You are on page 1of 1

About the Author

Over the course of nearly six decades, William Eggleston has established a singular pictorial style
that deftly combines vernacular subject matter with an innate and sophisticated understanding of
color, form, and composition. His photographs transform the ordinary into distinctive, poetic images
that eschew fixed meaning. His 1976 solo exhibition at The Museum of Modern Art, New York,
curated by John Szarkowski, marked one of the first presentations of color photography at the
museum. Although initially criticized for its unfamiliar approach, the show and its accompanying
catalogue, William Eggleston's Guide, heralded an important moment in the medium’s acceptance
within the art-historical canon, and it solidified the artist’s position as one of its foremost practitioners
to date. Eggleston’s work continues to exert an influence on contemporary visual culture at large.
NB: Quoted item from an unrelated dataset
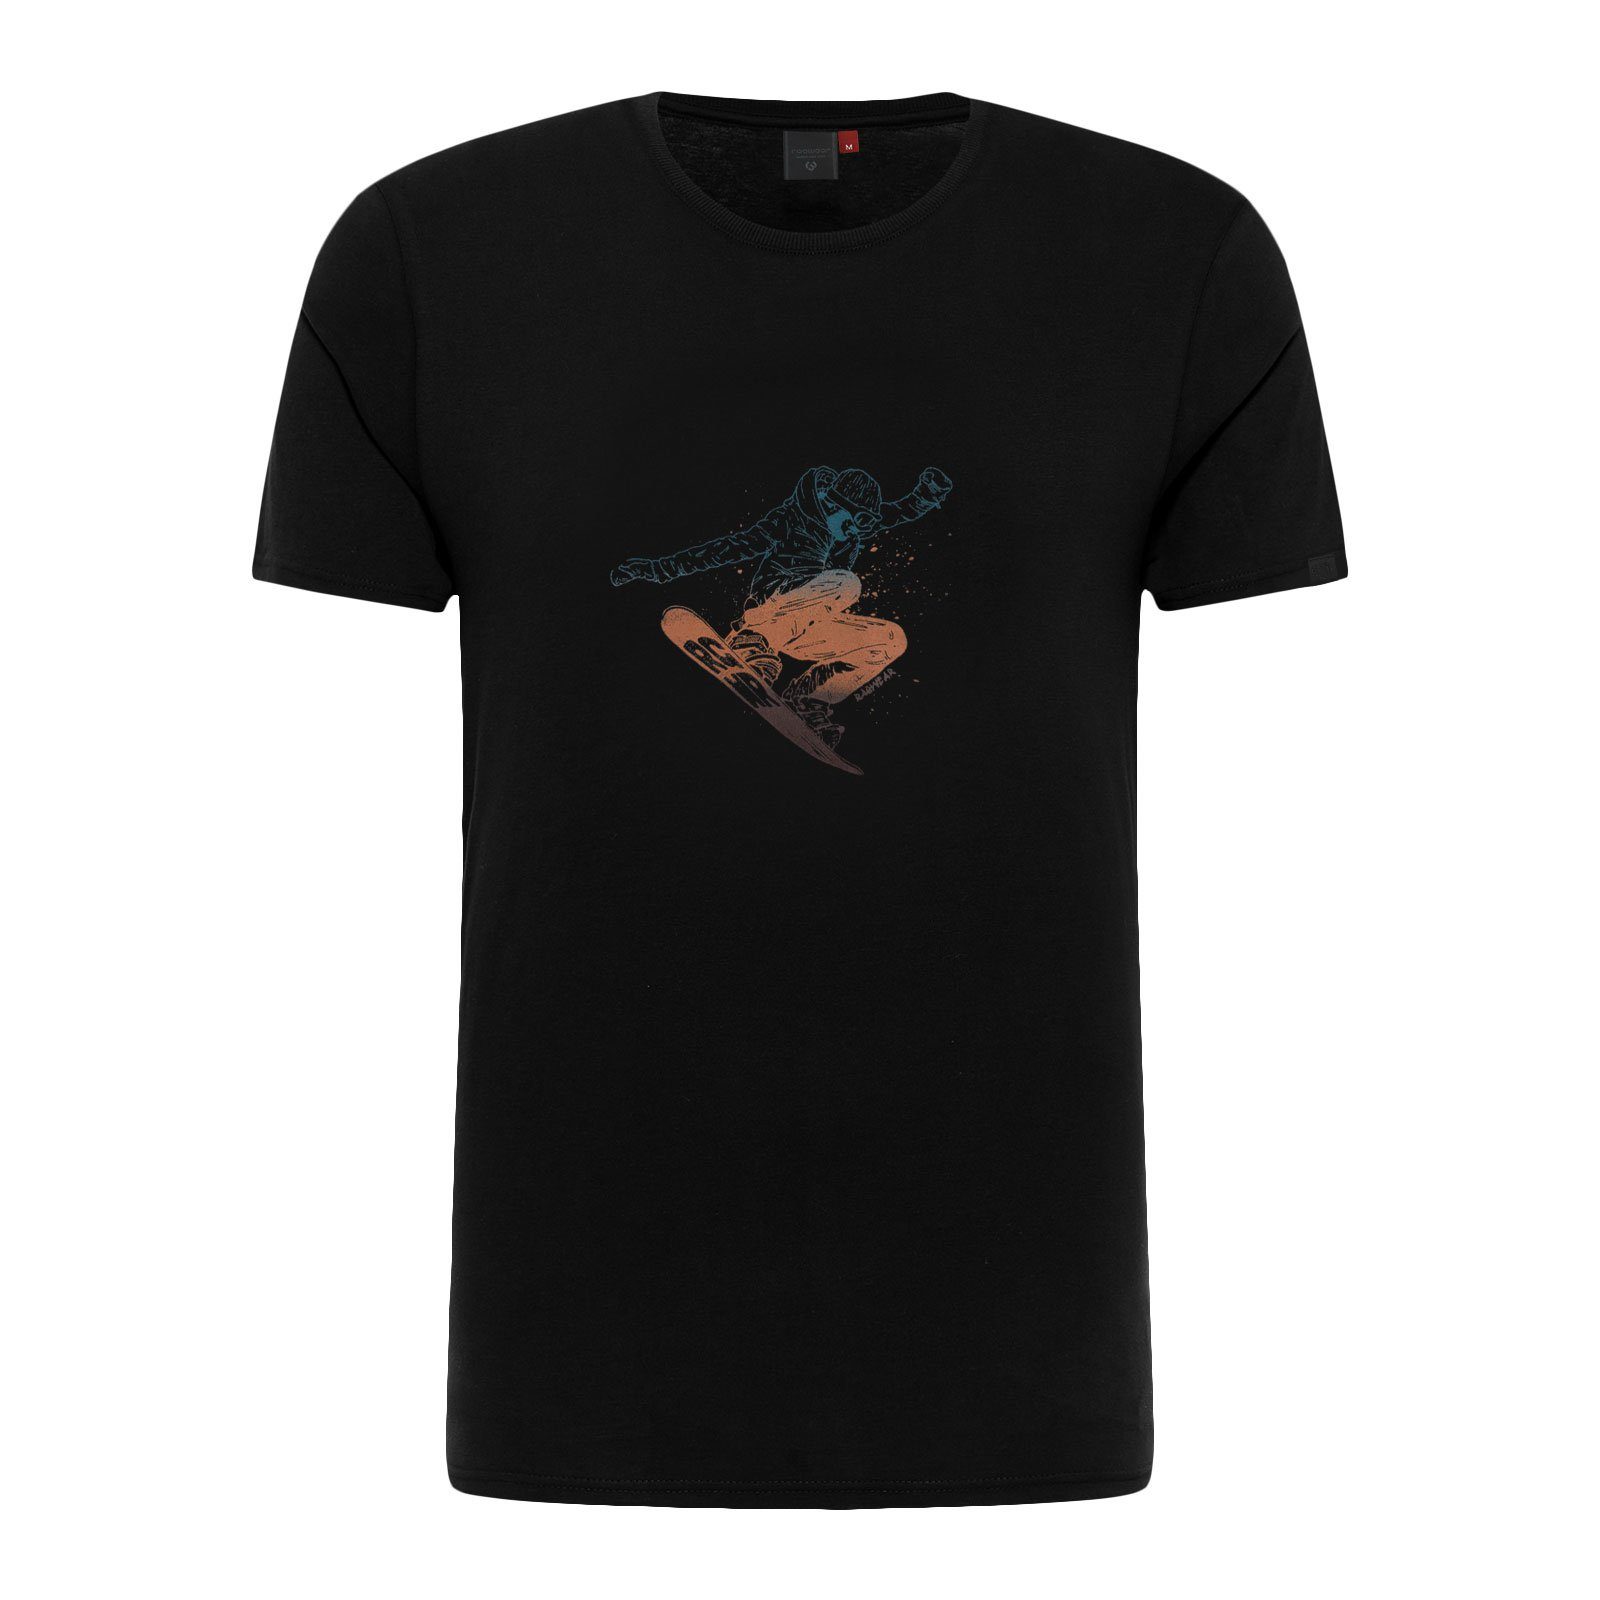 Snowboard-Print T-Shirt Rogger Ragwear coolem mit 1010 black

Rachel Kushner is the author of the novels The Mars Room, The Flamethrowers, and Telex from
Cuba, as well as a book of short stories, The Strange Case of Rachel K. Her most recent book, The
Hard Crowd, offers twenty years of essays on politics, art, and culture. She is a Guggenheim
Foundation Fellow and the recipient of the Harold D. Vursell Memorial Award from the American
Academy of Arts and Letters. She has won the Prix Médicis and been a finalist for the Booker Prize
and the National Book Critics Circle Award, and was twice a finalist for the National Book Award in
Fiction. Her books have been translated into twenty-six languages. Her fiction has appeared in The
New Yorker, The Paris Review, and Harper’s Magazine, and her essays in Artforum, Bookforum,
and The New York Times Magazine. She lives in Los Angeles.

Robert Slifkin is a professor of fine arts at the Institute of Fine Arts, New York University, where he
teaches classes on modern and contemporary art and photography. He is the author of The New
Monuments and the End of Man: U.S. Sculpture Between War and Peace, 1945–1975 and Out of
Time: Philip Guston and the Refiguration of Postwar American Art, which was awarded the Phillips
Book Prize. His essays and reviews have appeared in such journals as American Art, Artforum, The
Art Bulletin, Art Journal, Burlington Magazine, October, Oxford Art Journal, and Racquet.